Usually, phenological events, such as budburst or flowering, could be statistically described by
timings of their occurrence, duration, and synchrony (Rathcke and Lacey, 1985) . Studies of
these phenological events usually based on onsite observations and recordings (Beaubien and
Freeland, 2000); however, some events, such as budburst, could be observed with the help of
remote sensing technologies (Sellers et al., 1995). Plant phenological phases are usually
categorized as budburst, bud set, flowering, and fruiting (???), although some studies classified
these events somewhat differently (Schwartz, 2003). Biologische Bundesanstalt and Chemical
industry (BBCH) unified the description and coding system by separating growth stages into 10
general phenological phases based on the development stages of bud, leave, stem, flower, and
fruit (Schwartz 2003) (detailed definitions see Appendix table 1), which has been widely adapted
by phenological studies. Following these criteria and standard procedures, plant phenology of
many species, especially those from the temperate zone, have been recorded and studied (e.g. ???
review), these information have provided great help to forest management (??) and agricultural
development (??).
Interpretation
Plant phenology is considered the result of plants adapting to their environment, especially for
those that grow in extreme environments such as the ecosystems u cold temperature or less
moisture (Perry, 1970). Abiotic factors usually have direct impacts on plant phenology. These
factors could be seasonal temperature variations (Beaubien and Freeland, 2000), frost damage in
spring and fall (Leinonen and Hanninen, 2002; Vitasse et al., 2009), or chilling effect in early
spring (Jonsson et al., 2004). However, differences in precipitation and soil moisture (Beaulieu et
al., 2002; Kramer et al., 2000; Reich, 1995) or variations in photoperiod (Partanen et al., 1998)
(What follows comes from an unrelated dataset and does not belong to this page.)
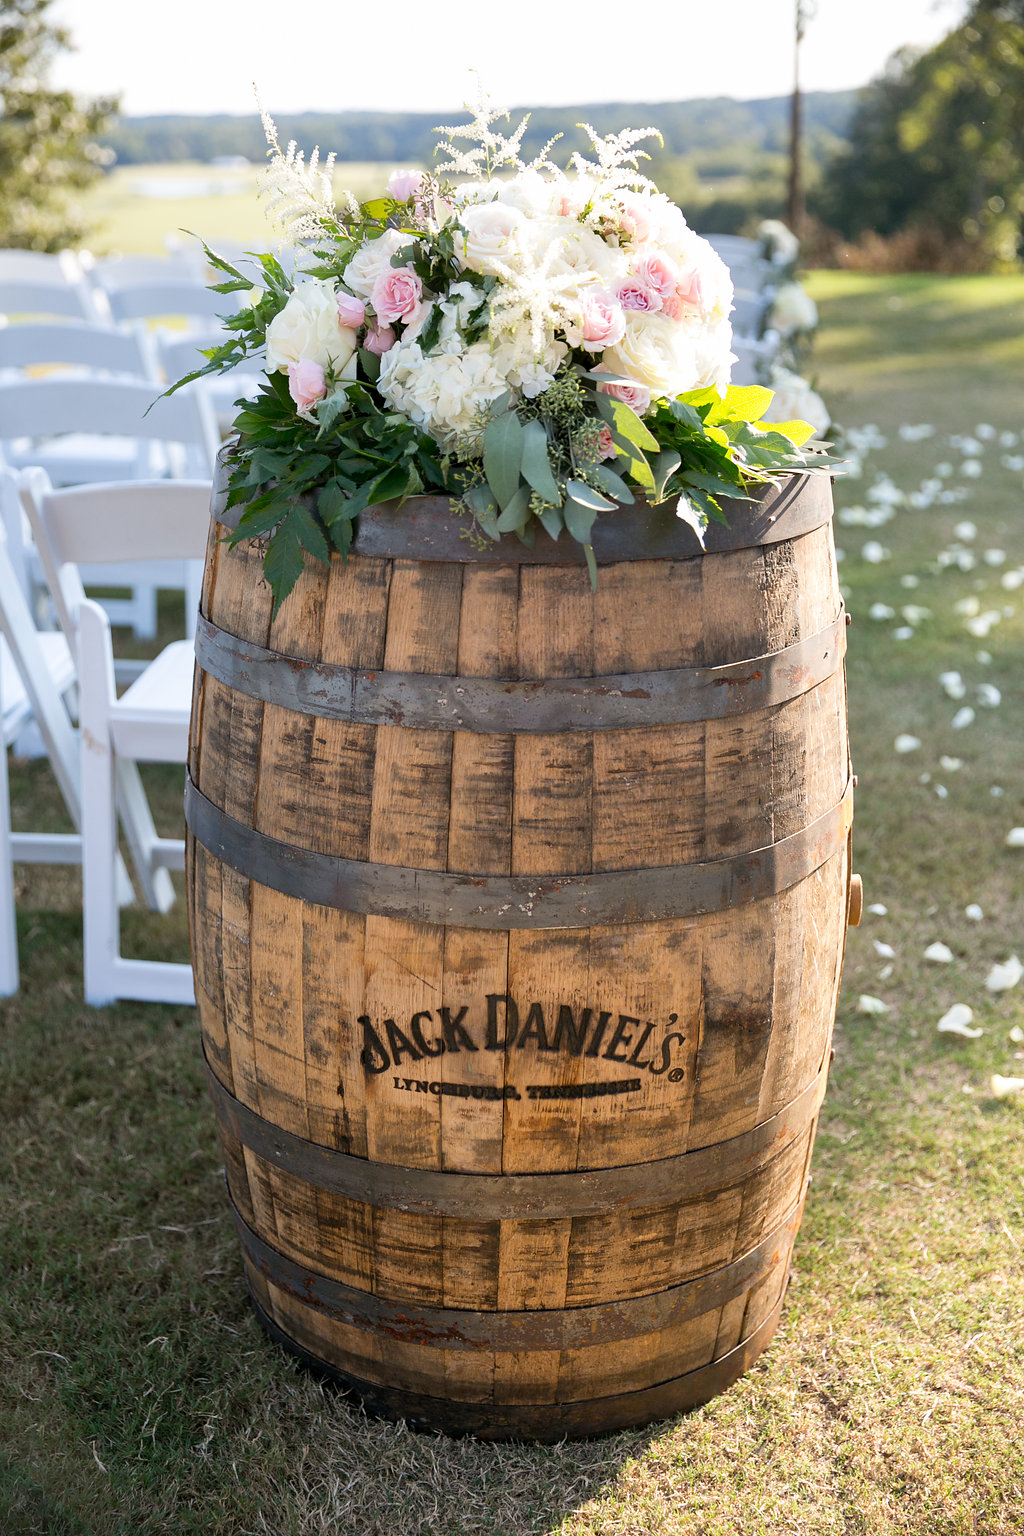 Foxhall-Resort-Wedding-Floral-Design-14.jpg

also have major influences on plant phenology. Biotic factors, on the other hand, are more
influential to plant regenerations. For example, the population dynamics of pollinators could
determine the timing of flowering, and the population variation of seed predators would also
affect whether the fruiting is successful (Elzinga et al., 2007; Kolb et al., 2007). Among all the
abiotic and biotic factors, temperature is the most important driver to plant phenology, especially
for the deciduous plants in the temperate zone (Badeck et al., 2004; Kramer et al., 2000). For
instance, in the moist temperate zone, most dormant trees require winter chilling to end the
dormancy in the beginning of spring and certain amount of heat to start bud bursting (Hunter and
Lechowicz, 1992). In addition, research found that the higher temperature speeds up the
phenology development (Saxe et al., 2001).
Genetic differentiation with respect to quantitative aspects of the phenotypes are not reflected in
patterning of enzyme variation, indicating that populations diverged in relation to local climate
despite gene flow (Davis and Shaw, 2001).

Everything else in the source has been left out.